Commercial versus Automotive ESD Integrated Circuit Qualification

1 Introduction

This post will be discussing the differences between the ESD qualification requirements for integrated circuits intended for standard commercial applications and for automotive applications. Automobiles have always had electrical circuits. Even before electric headlights and electric starters, magnetos provided electrical pulses to power spark plugs. The amount of electrical circuitry increased steadily over the years, and today the radio was replaced long ago as the most sophisticated piece of electronics in a vehicle. The rapid expansion in the high-tech electronic content in the automobiles has attracted increased interest across a much wider section of the electronics industry than it has in the past.
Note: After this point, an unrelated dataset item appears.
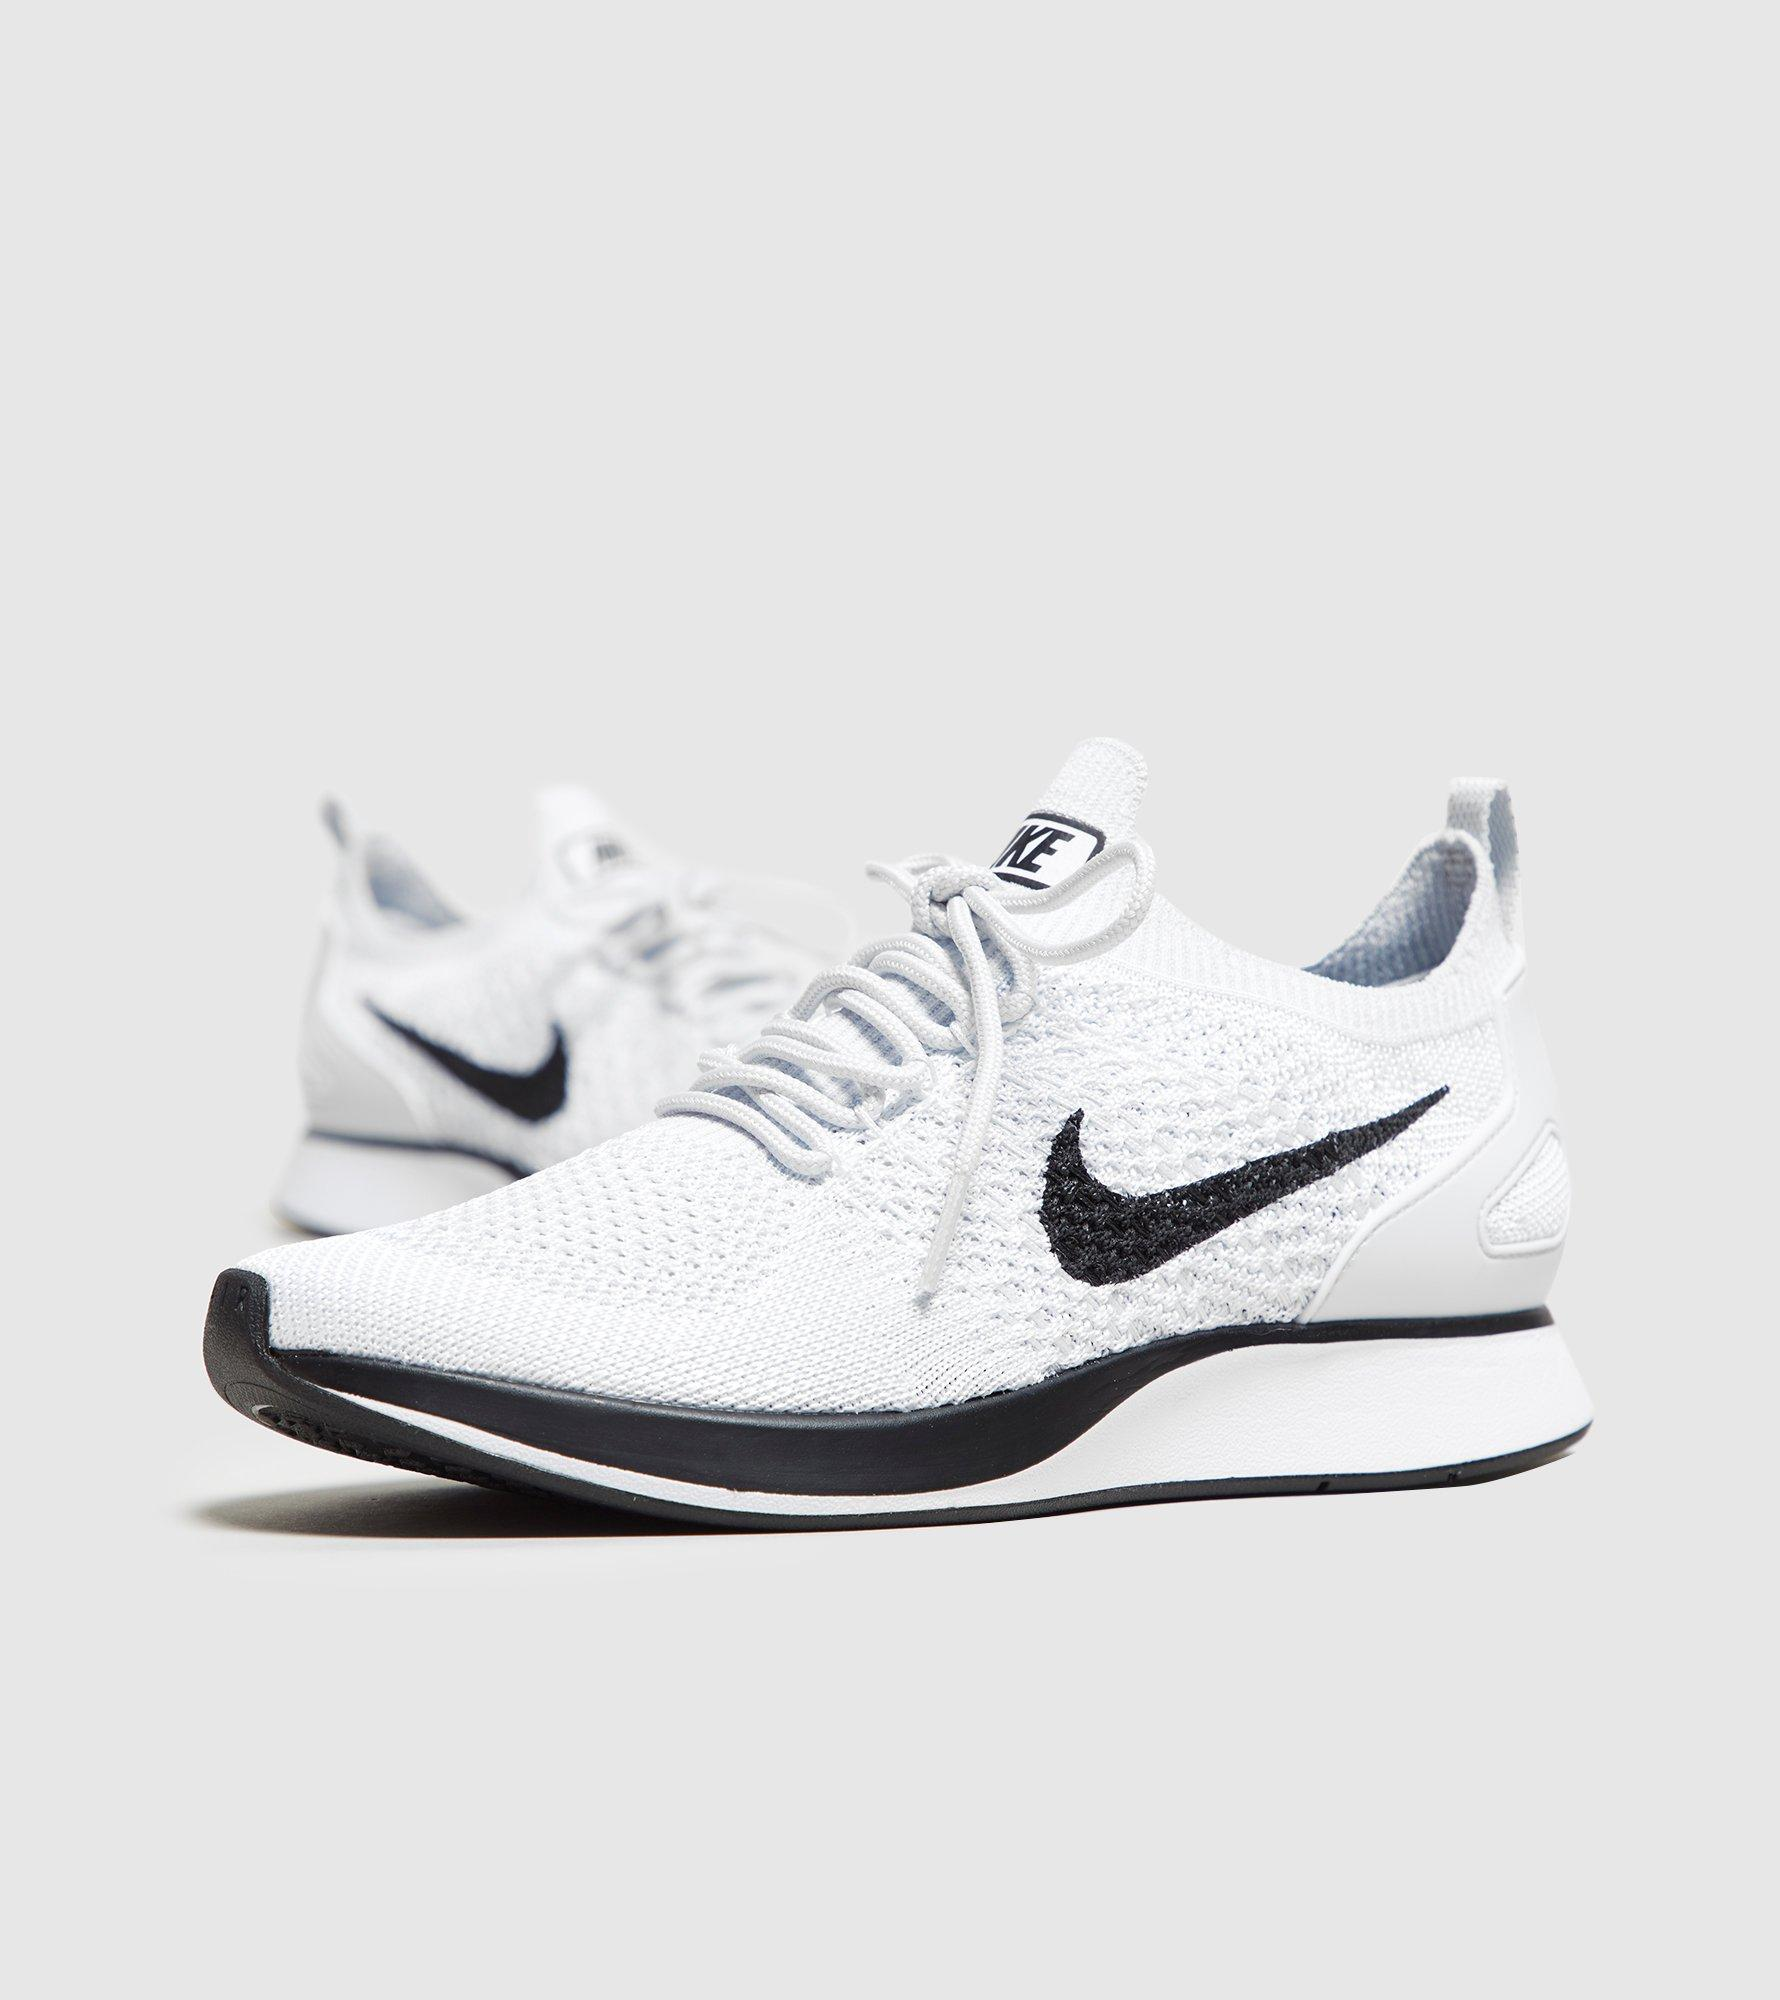 79c3d0a9018a3 Lyst - Nike Air Zoom Mariah Flyknit Racerback Women s in White

Integrated circuit suppliers wishing to become suppliers to the automotive industry must become familiar with the qualification requirements for automotive electronics.
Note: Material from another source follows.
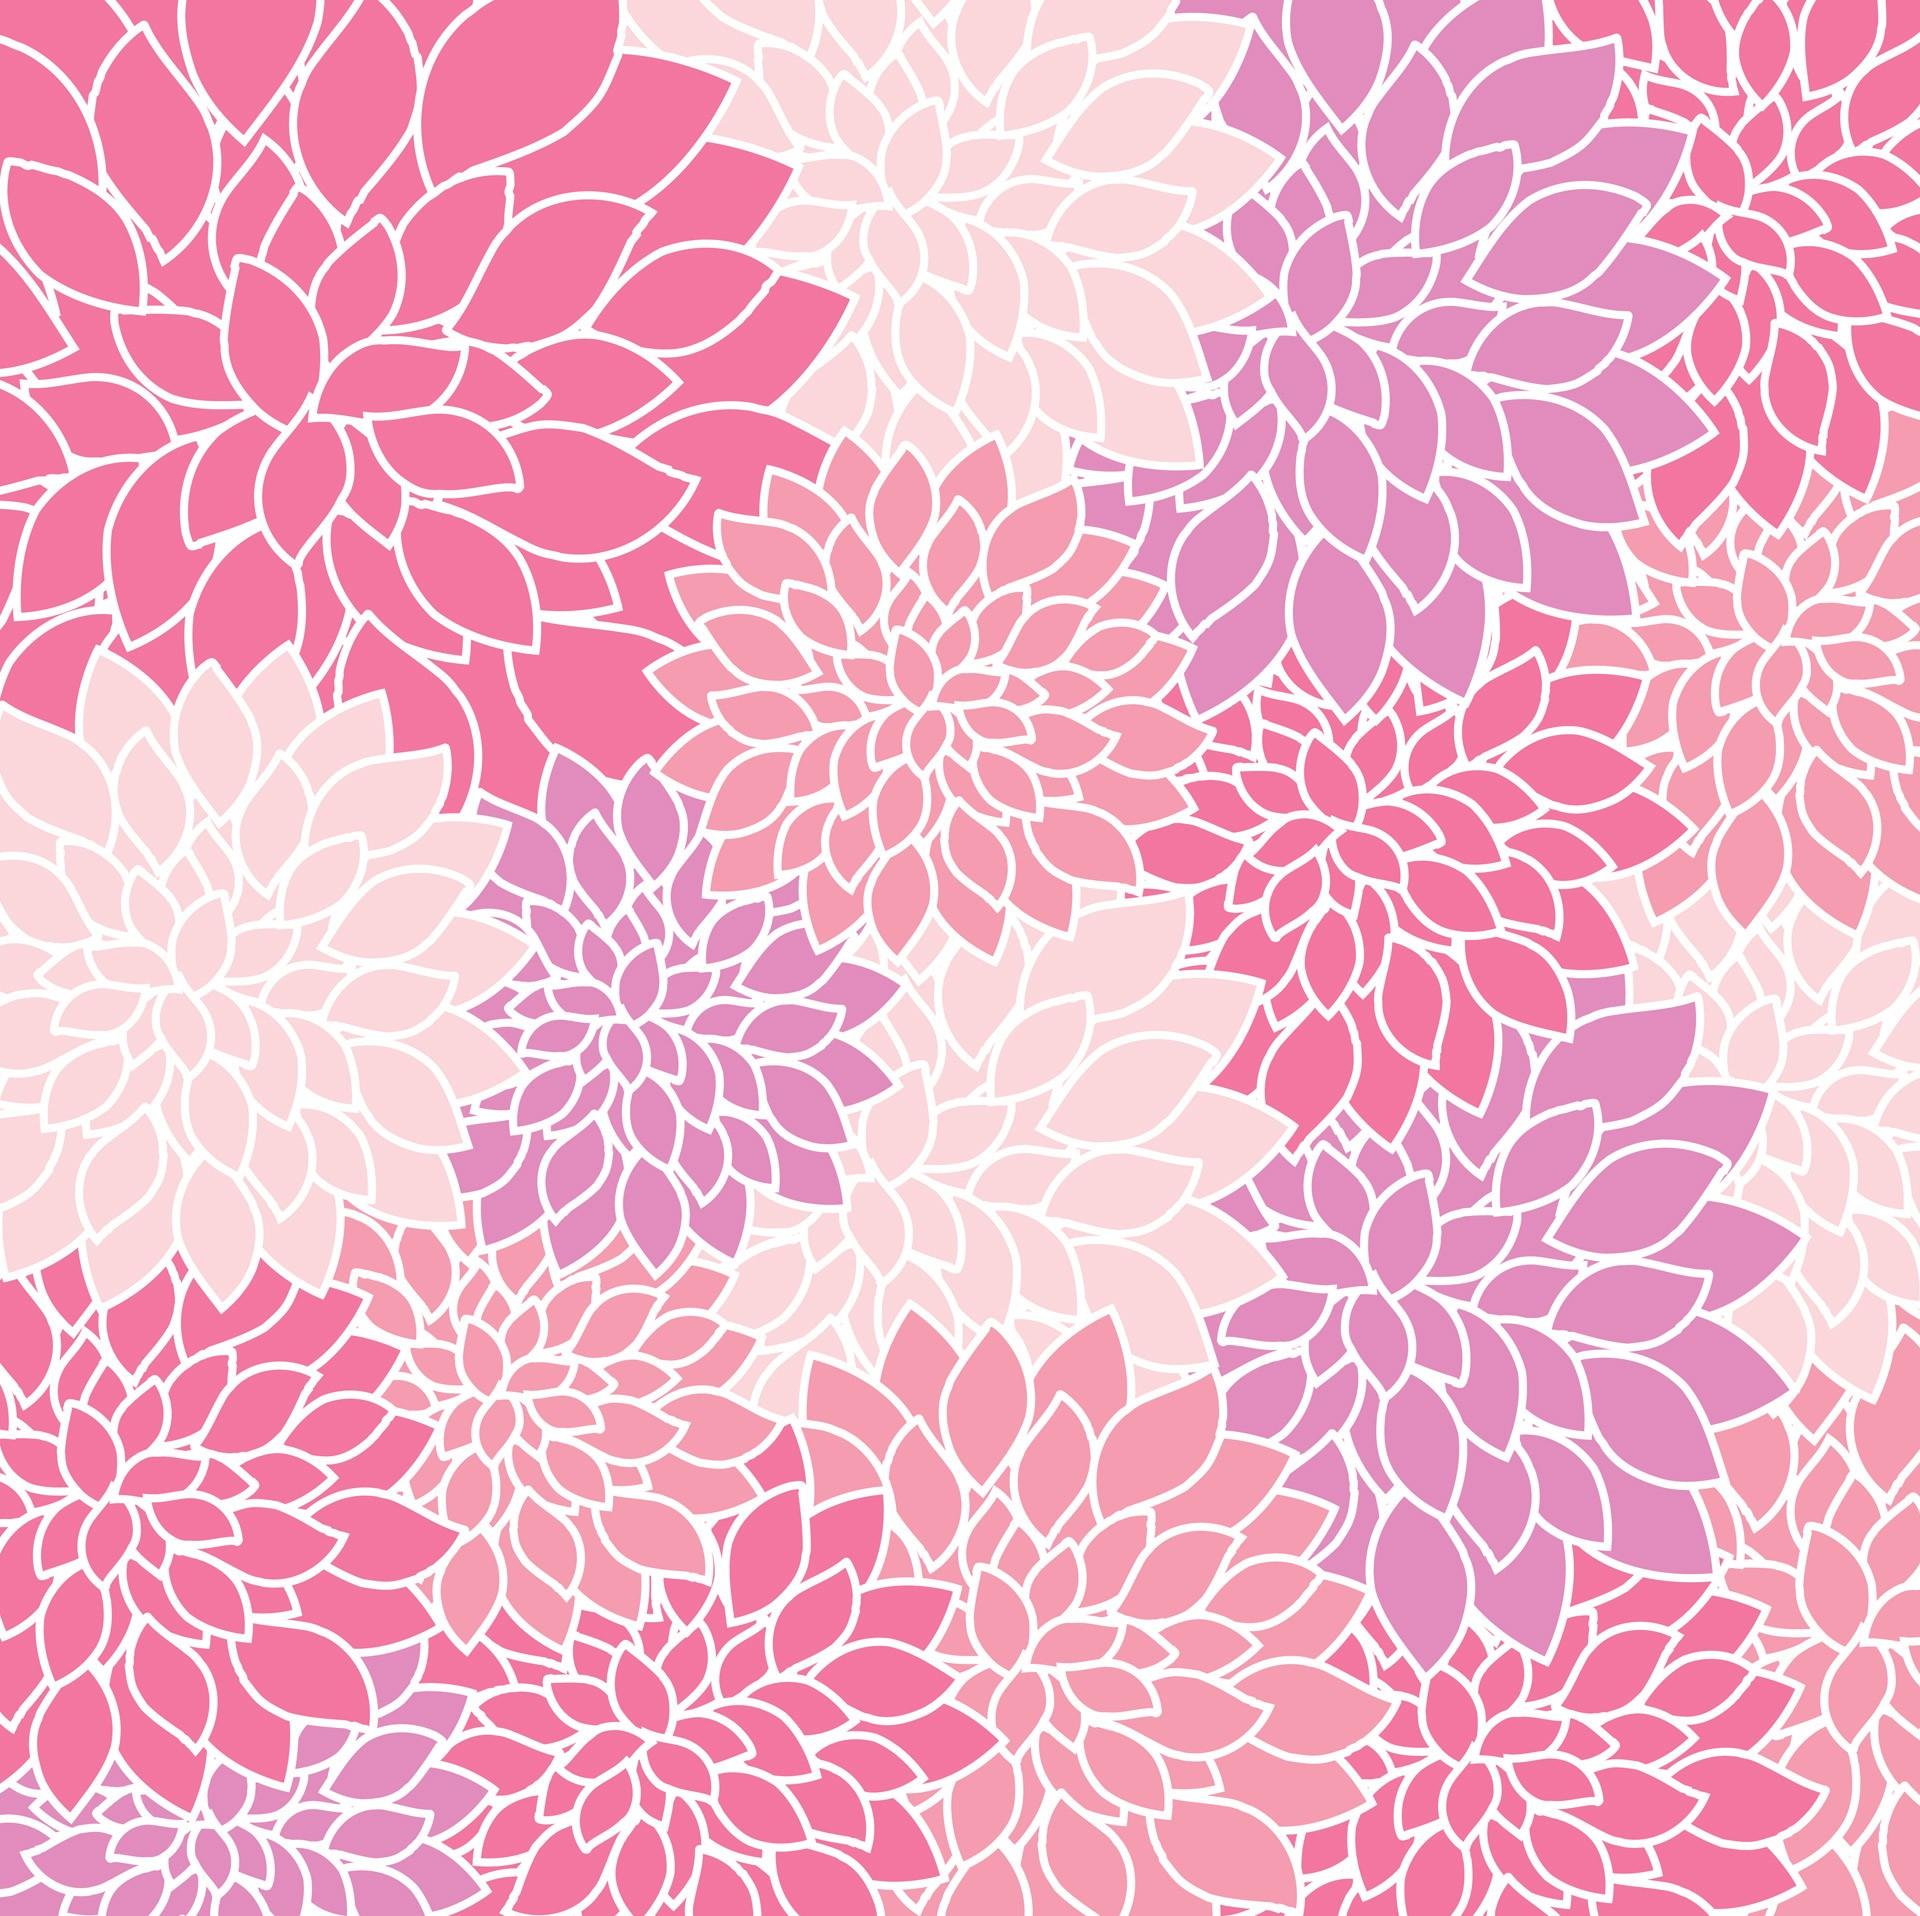 Vintage Floral Wallpaper ·① Download Free Cool High

The working environment for automotive electronics is much more severe than is common for most consumer applications. Automotive electronics must work in the dead of winter in Minnesota and crossing Death Valley in the summer. The automotive environment is also an electrically noisy environment, with wiring harnesses carrying sensing circuits as well as high current pulses to operate a wide range of motors and accessories. Automotive electronics are also often safety critical. It is therefore not surprising that the automotive industry has their own set of qualification requirements for electronic components.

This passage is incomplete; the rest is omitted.